Thursday, January 22, 2026

The Art of Leading Without a Manual: Lessons from Managing 30+ Engineers


Three years ago, I inherited a team that looked suspiciously like a collection of brilliant individuals who'd rather debug code than attend meetings. Sound familiar? As someone who once convinced his family to let him ride a motorcycle by sheer persistence over "1 year, 9 months and 22 days," I knew this would require a different approach than the standard management playbook.
The breakthrough came when I stopped trying to be the smartest person in the room and started being the most curious instead. During our first team retrospective, instead of dictating process improvements, I asked a simple question: "What's the one thing that makes you want to throw your laptop out the window?" The responses were brutally honest and incredibly insightful. Our deployment pipeline was slower than Mumbai traffic during monsoon, and our code review process had more bottlenecks than the old RTO where I once got my license.

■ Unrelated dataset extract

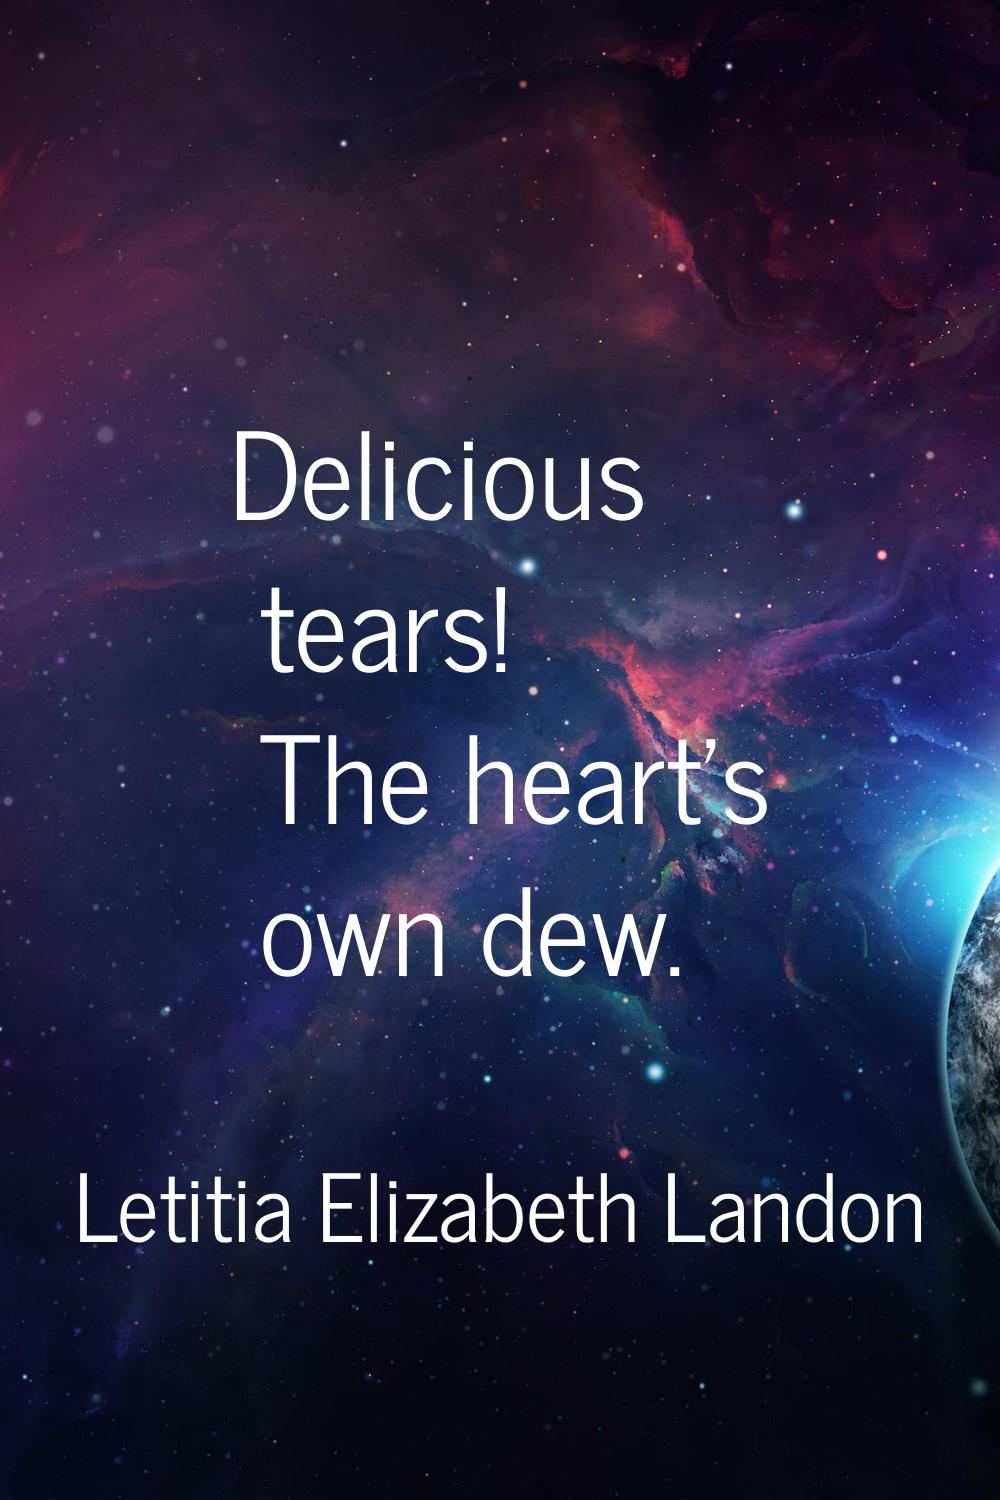 Delicious tears! The heart's own dew.

Here's what I learned about leading technical teams: they don't need a boss, they need a conductor. My job isn't to know every line of code or architect every solution. It's to remove obstacles, amplify their brilliance, and occasionally translate "this will take five minutes" into realistic timelines for stakeholders. When one of my engineers spent three days optimizing a query that improved system performance by 40%, I didn't question the time investment - I celebrated it in our all-hands meeting. Well worth the boxes of donuts for the team that week!
The real magic happens when you create space for people to be themselves while working toward something bigger. Whether it's implementing ISO 27001 compliance or delivering a critical client feature, success comes from understanding that every engineer has their own version of that perfectly timed motorcycle kick-start - you just need to give them room to find their rhythm. Today, our team delivery rate has improved by 35%, but more importantly, they actually look forward to our Monday stand-ups. Not bad for someone who "dislikes speaking with people, unless I really really like them."